Сын Хамдама, Абдулла, сразу понял, что его ждет. Узнав о взятии отца, он сбежал из Андархана, скрылся в Гальчу, из Гальчи опять вернулся в Андархан, все время перебегая с места на место. Он боялся быть привлеченным в качестве свидетеля, страх измучил его. Абдулла почему-то был уверен, что отец впоследствии вывернется, освободится.
Скитания, голодная жизнь превратили Абдуллу в нищего. Грязный, вшивый, оборванный, он бродил по дорогам и, когда встречал всадников, испуганно прятался в кусты и лежал там часами. Раньше он был толст и представителен. Теперь его совсем сломало и согнуло. Голова у него была втянута в плечи, как будто ежеминутно он ожидал удара. Израненные ноги в опорках, сумка на веревке, заросшее волосами лицо дополняли это сходство с нищим. Ему уже невозможно было появиться ни в одном кишлаке, его вид и лохмотья возбуждали у всех подозрение... Ночью он прокрадывался в чужие сады, добывая себе пищу воровством.
Абдулла проклинал отца самыми страшными словами.
- Что ты мне дал? - кричал он, забравшись в поля и желая хоть криком облегчить свою душу. - Я никогда не знал твоих мыслей. Я всегда хотел мирной жизни. Я мог бы ужиться и с большевиками, если бы не ты... Когда ты был моим отцом? Может быть, только в колыбели ты целовал меня? Я никогда не знал твоей ласки... Ты гонял меня, как всадник гоняет лошадь. Но я не лошадь...

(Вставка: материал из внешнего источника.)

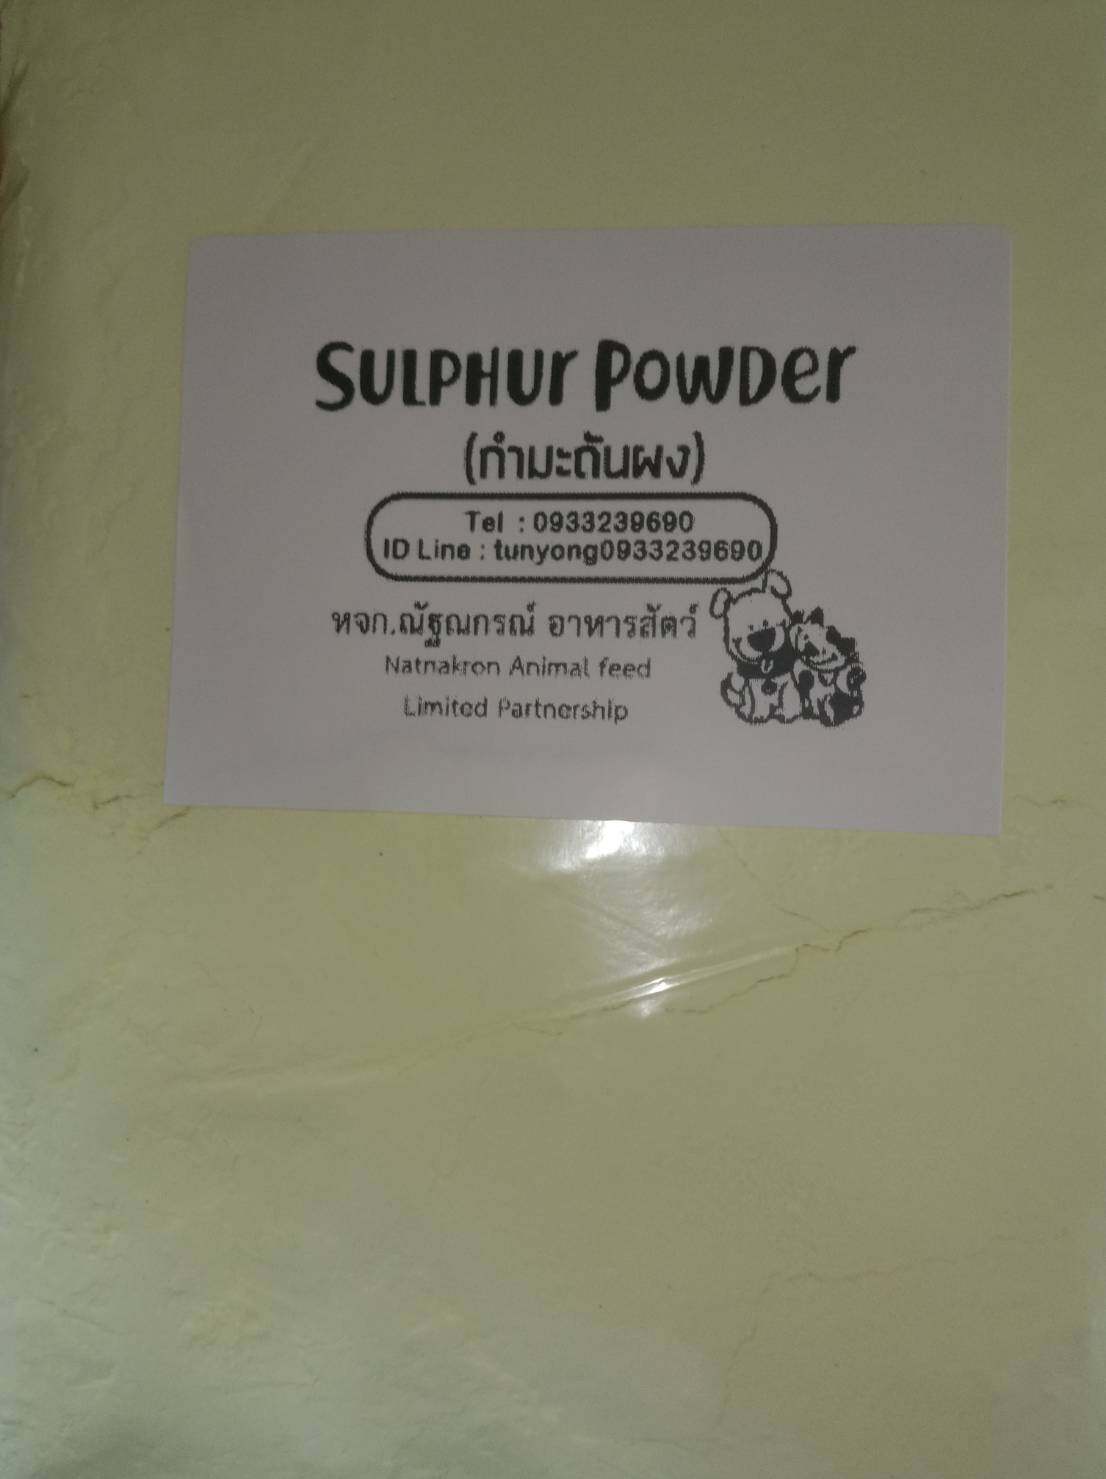 กำมะถันผง หรือ ผงกำมะถันเหลือง (sulfur Powder) ขนาดบรรจุ 1กก.  ราคา 35 บาท /ไล่งู/ไล่แมลงคลาน/แก้ขี้เรื้อน

Иногда ему казалось, что он сходит с ума... Он прибегал по ночам в Беш-Арык и бродил возле стен отцовской курганчи. Он видел, что в доме снова горят огни. Лежа под стеной у ворот, точно шпион, он подслушивал чужие разговоры. Там люди что-то считали, говорили о съезде колхозников, о речах и наградах, но для него все это погибло...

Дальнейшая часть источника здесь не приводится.